WORK ITEM: Your answer should be every line of the entries that has the string "Dark" in it.

(Extracted records)
Start of Block
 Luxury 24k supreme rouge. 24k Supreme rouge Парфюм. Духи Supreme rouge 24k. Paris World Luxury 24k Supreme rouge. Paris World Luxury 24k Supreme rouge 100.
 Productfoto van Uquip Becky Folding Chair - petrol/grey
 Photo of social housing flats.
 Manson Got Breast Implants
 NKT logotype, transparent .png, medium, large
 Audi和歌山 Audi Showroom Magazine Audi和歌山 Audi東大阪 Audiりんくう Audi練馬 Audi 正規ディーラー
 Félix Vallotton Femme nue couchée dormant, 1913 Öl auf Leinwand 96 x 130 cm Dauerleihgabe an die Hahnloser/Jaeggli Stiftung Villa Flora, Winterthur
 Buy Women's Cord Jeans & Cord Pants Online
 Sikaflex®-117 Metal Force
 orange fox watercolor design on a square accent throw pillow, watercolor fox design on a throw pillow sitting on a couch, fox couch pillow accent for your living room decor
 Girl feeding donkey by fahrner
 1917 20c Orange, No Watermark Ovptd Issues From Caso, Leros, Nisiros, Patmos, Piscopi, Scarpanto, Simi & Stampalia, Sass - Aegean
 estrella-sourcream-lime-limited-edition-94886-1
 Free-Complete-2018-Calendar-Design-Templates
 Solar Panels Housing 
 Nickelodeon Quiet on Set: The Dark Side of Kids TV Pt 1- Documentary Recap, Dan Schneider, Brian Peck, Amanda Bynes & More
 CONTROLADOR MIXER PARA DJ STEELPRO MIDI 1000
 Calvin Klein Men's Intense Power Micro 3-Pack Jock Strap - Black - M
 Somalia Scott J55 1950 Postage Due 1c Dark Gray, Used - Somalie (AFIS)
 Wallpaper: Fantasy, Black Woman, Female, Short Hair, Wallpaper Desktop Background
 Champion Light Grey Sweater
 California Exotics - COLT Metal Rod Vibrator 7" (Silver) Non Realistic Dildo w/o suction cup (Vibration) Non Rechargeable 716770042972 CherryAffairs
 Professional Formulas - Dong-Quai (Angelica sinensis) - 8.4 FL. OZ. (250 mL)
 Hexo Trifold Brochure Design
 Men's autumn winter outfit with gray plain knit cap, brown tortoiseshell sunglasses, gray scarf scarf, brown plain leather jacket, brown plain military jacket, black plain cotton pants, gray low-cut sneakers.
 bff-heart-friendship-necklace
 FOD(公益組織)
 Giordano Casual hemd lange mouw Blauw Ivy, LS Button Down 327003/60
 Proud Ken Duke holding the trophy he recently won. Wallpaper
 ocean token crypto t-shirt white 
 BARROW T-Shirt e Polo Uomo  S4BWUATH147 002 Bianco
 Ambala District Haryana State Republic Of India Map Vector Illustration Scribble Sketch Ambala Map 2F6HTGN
End of Block
TASK OUTPUT:
 Nickelodeon Quiet on Set: The Dark Side of Kids TV Pt 1- Documentary Recap, Dan Schneider, Brian Peck, Amanda Bynes & More
 Somalia Scott J55 1950 Postage Due 1c Dark Gray, Used - Somalie (AFIS)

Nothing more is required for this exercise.